Parlamentares defenderam essa semana a “reavaliação do reenquadramento tributário do setor aéreo” brasileiro, em audiência pública da Comissão de Turismo da Câmara dos Deputados. Autor do requerimento da audiência, o deputado Bacelar (PV-BA) disse temer que o aumento de tributação previsto possa reduzir a malha aérea nacional. A indústria da aviação já vem diminuindo o número de voos em razão da alta brusca do querosene de aviação (QAV) desde o início da guerra no Oriente Médio, há cem dias, mas nenhum aeroporto atendido antes do conflito deixou de receber voos até o momento.

A posição do deputado foi reforçada por praticamente todos os representantes setoriais e do governo federal que participaram da audiência pública. Para Clarissa Barros, diretora do Departamento de Outorgas, Patrimônio e Políticas Regulatórias Aeroportuárias do Ministério de Portos e Aeroportos, a incerteza em relação à regulamentação já está levando as empresas estrangeiras a não expandir oferta. “Da forma como está, a regulamentação tributária traz risco de desatendimento de mercados regionais”, disse.

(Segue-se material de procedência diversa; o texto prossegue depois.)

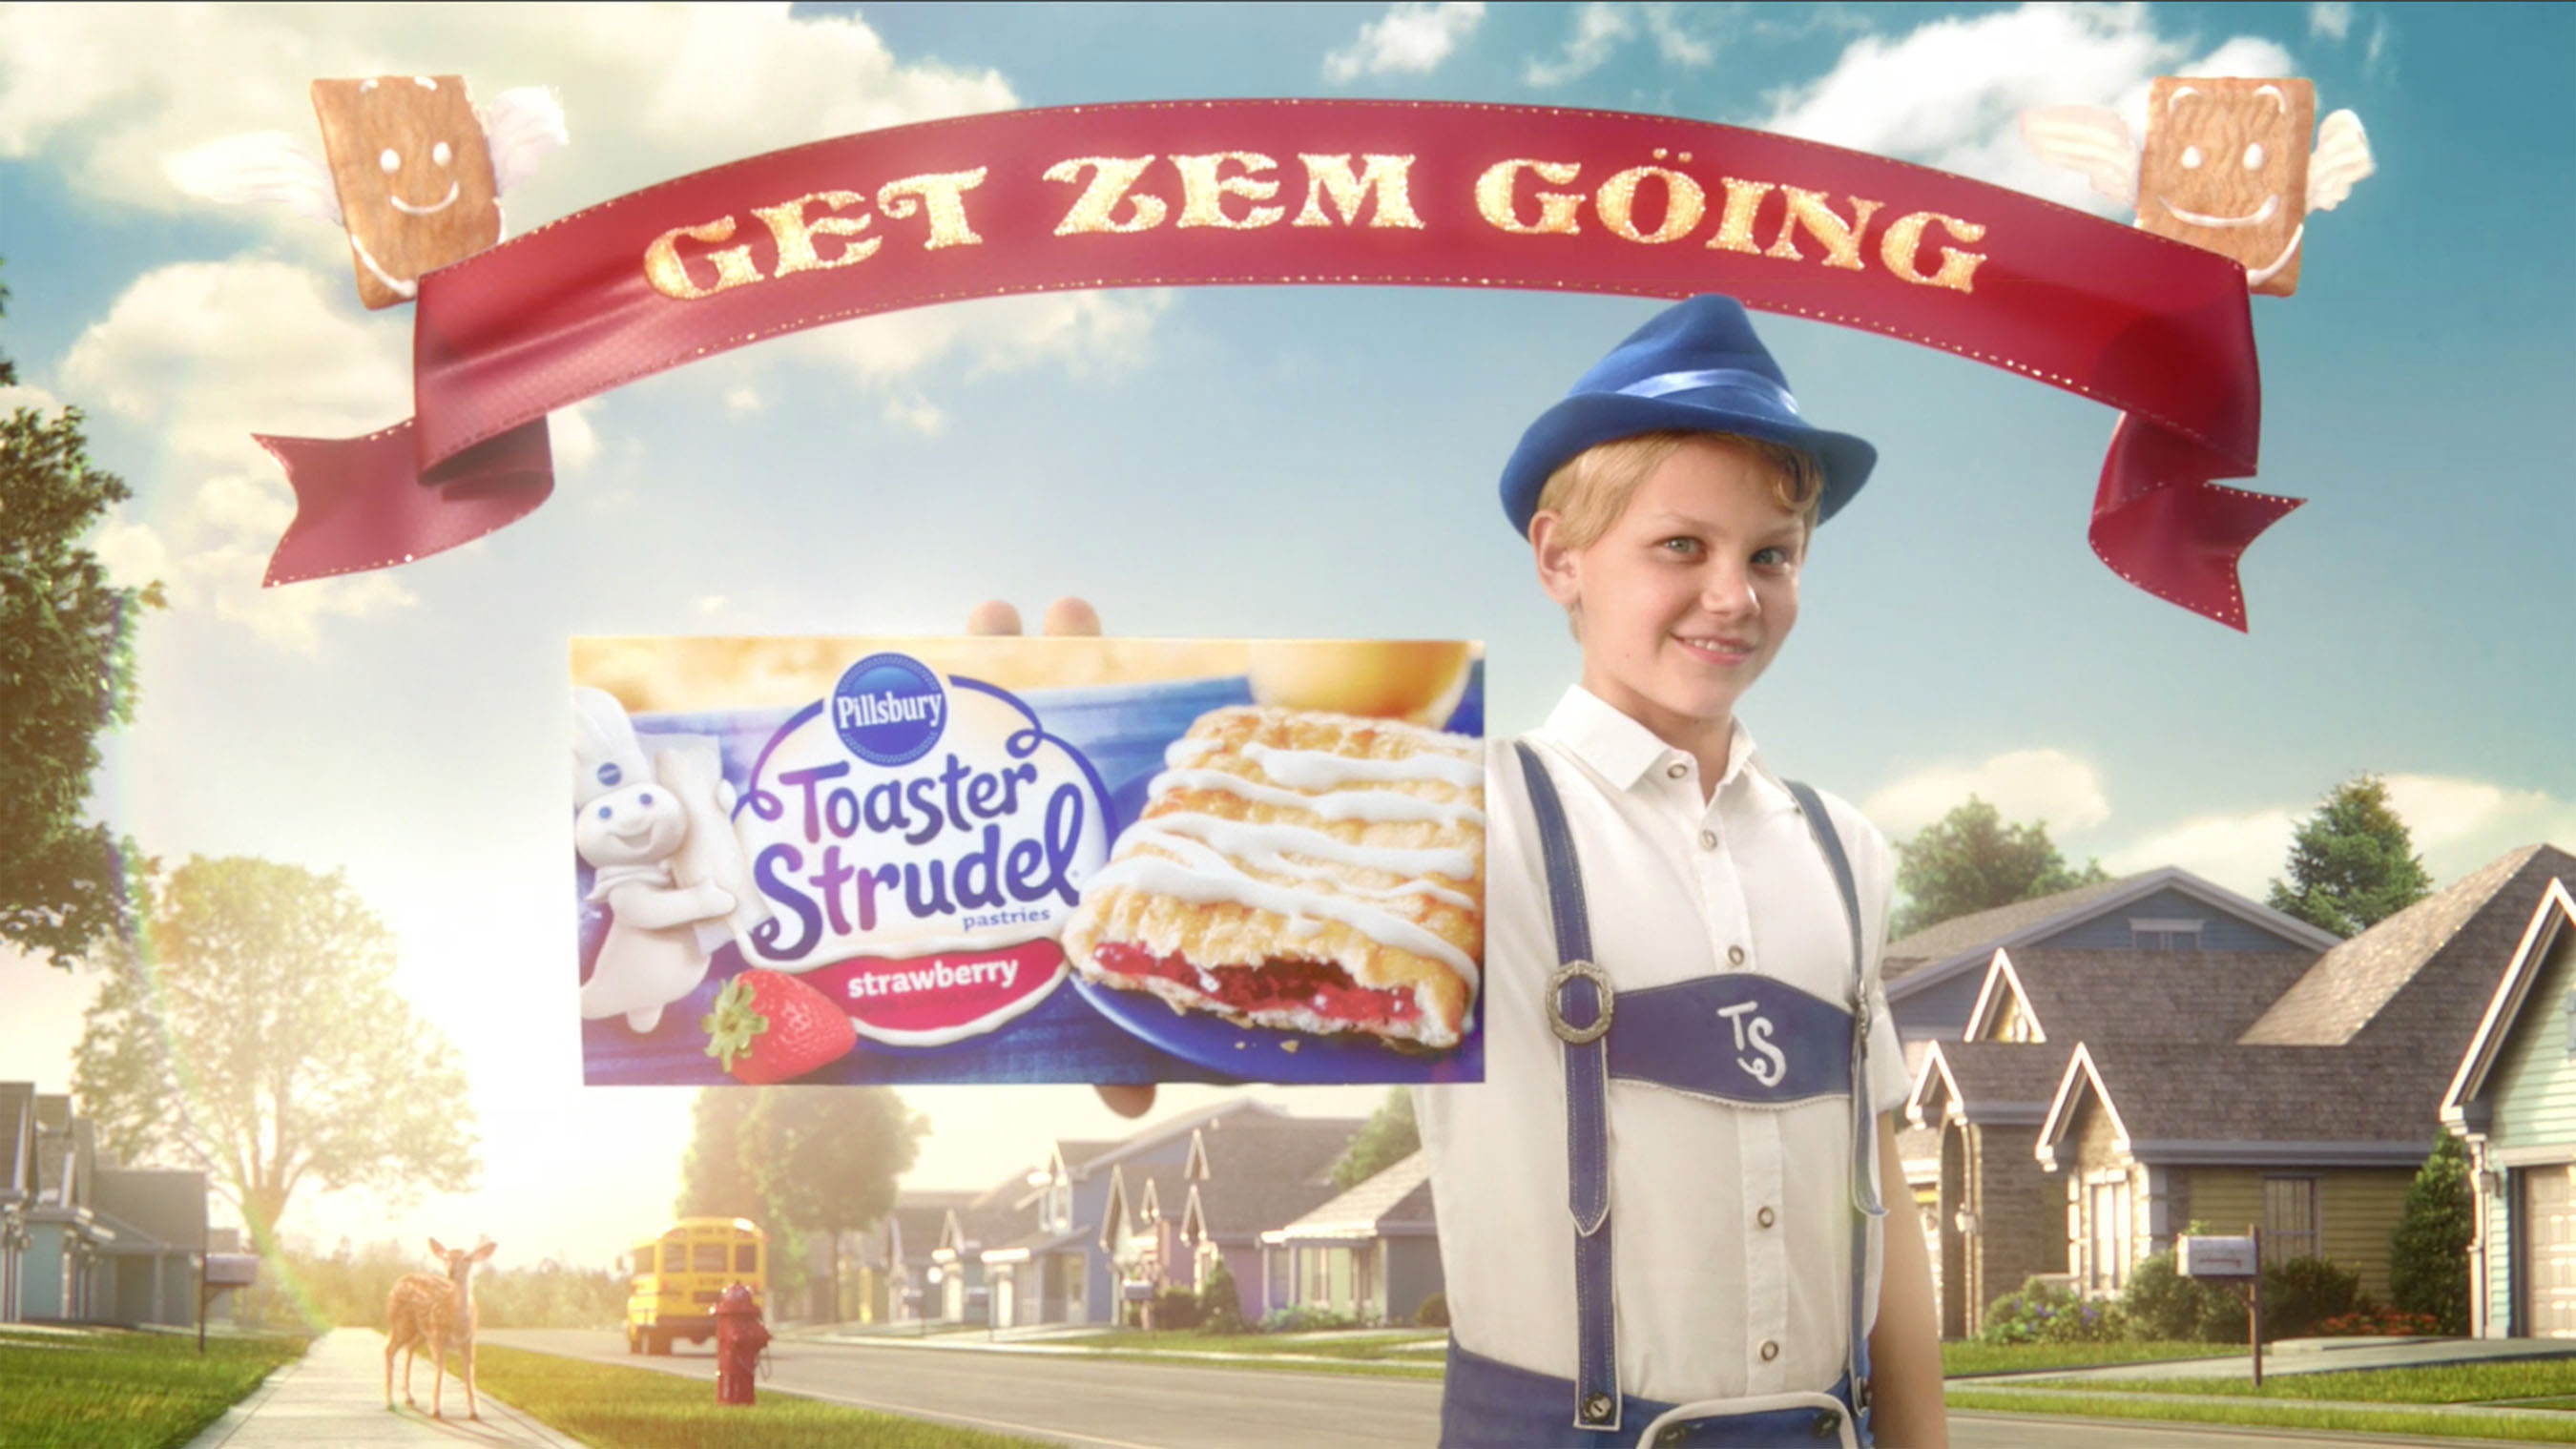 The new face of Pillsbury Toaster Strudel, Hans Strudel, helps "Get Zem Going!". (PRNewsFoto/Pillsbury Toaster Strudel) (PRNewsFoto/PILLSBURY TOASTER STRUDEL)

Caso seja implementada sem calibragem para a realidade da indústria da aviação brasileira, a reforma tributária pode reduzir a capacidade das companhias aéreas de manter a oferta de voos, ampliar rotas e preservar tarifas acessíveis ao consumidor. Pelas estimativas do setor aéreo, a carga tributária anual pode passar dos R$ 4,8 bilhões para R$ 17,8 bilhões a partir de 2027. O diretor de Relações Externas da Associação Internacional de Transporte Aéreo (IATA) no Brasil, Marcelo Pedroso, previu uma queda de 30% da demanda caso a indústria de aviação tenha de arcar com uma alíquota maior a partir do próximo ano.

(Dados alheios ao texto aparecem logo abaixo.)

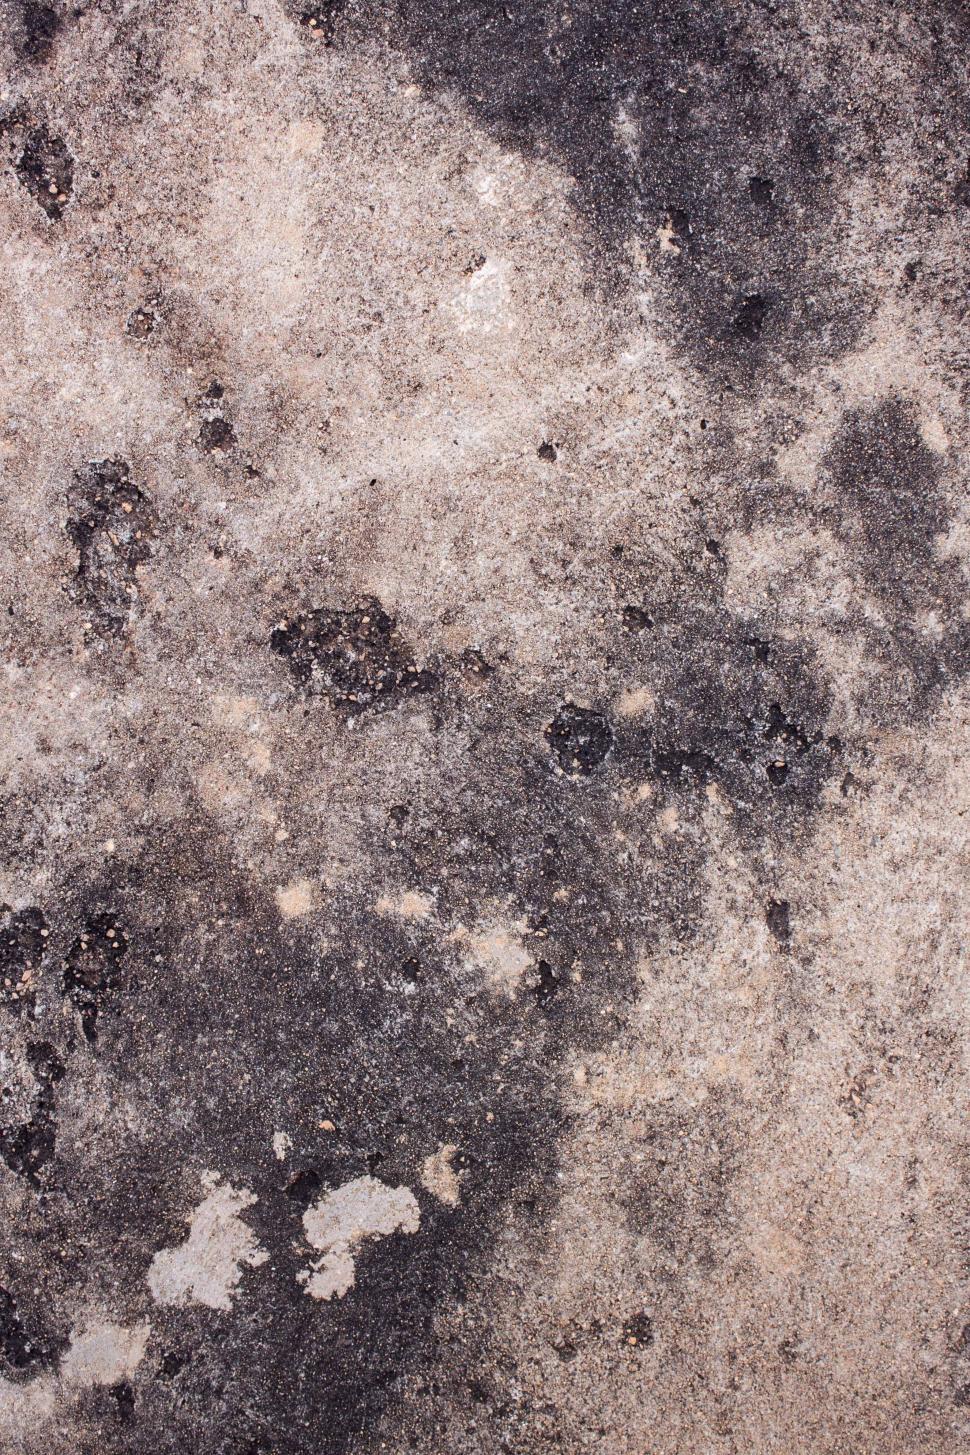 Free Image of Dark and Light Concrete texture floor

“Não estamos aqui para pedir benefícios específicos para um ou outro setor, mas para defender uma estratégia comum, de interesse inclusive do governo federal, de integrar ainda mais o país chegando a 200 localidades conectadas pela malha aérea”, ressaltou o presidente da Abear (Associação Brasileira das Empresas Aéreas), Juliano Noman. Hoje, as três maiores companhias aéreas brasileiras têm voos para 138 destinos nacionais. A preservação dessa malha tem sido buscada pelo setor mesmo com o aumento acumulado de 71% do QAV desde o final de fevereiro.


Desde o início da guerra no Oriente Médio, o governo federal adotou medidas importantes para ajudar o setor aéreo a enfrentar a atual crise. Além de zerar temporariamente o PIS/Cofins que incide sobre o QAV, prorrogou o prazo de pagamento das taxas aeroportuárias e abriu linhas de crédito para ajudar o fluxo de caixa das companhias. O diretor de Programa da Secretaria Extraordinária da Reforma Tributária do Ministério da Fazenda, João Pedro Machado Nobre, disse que as demandas do setor estão sendo analisadas para que eventuais distorções sejam corrigidas.

Custo da guerra


Na terça-feira (09/06), em outra audiência pública, na Comissão de Defesa do Consumidor (CDC), o presidente da Abear apresentou números que dão a dimensão do impacto da guerra no custo operacional das empresas aéreas. Nos últimos cem dias, já foi gasto R$3,8 bilhões a mais com combustível do que o previsto antes do conflito. “Somente o valor gasto a mais em maio, cerca de R$1,6 bilhão, representa, por exemplo, o custo do arrendamento de 830 aviões de médio porte. Para se ter uma ideia, hoje nós temos em torno de 500 aviões voando no Brasil. O que pagamos a mais de combustível no mês passado já é mais da metade do que a gente gasta com o leasing da frota atual”, disse Juliano Noman, reforçando que a situação poderia ser ainda pior se o governo não tivesse adotado as medidas de mitigação desse impacto.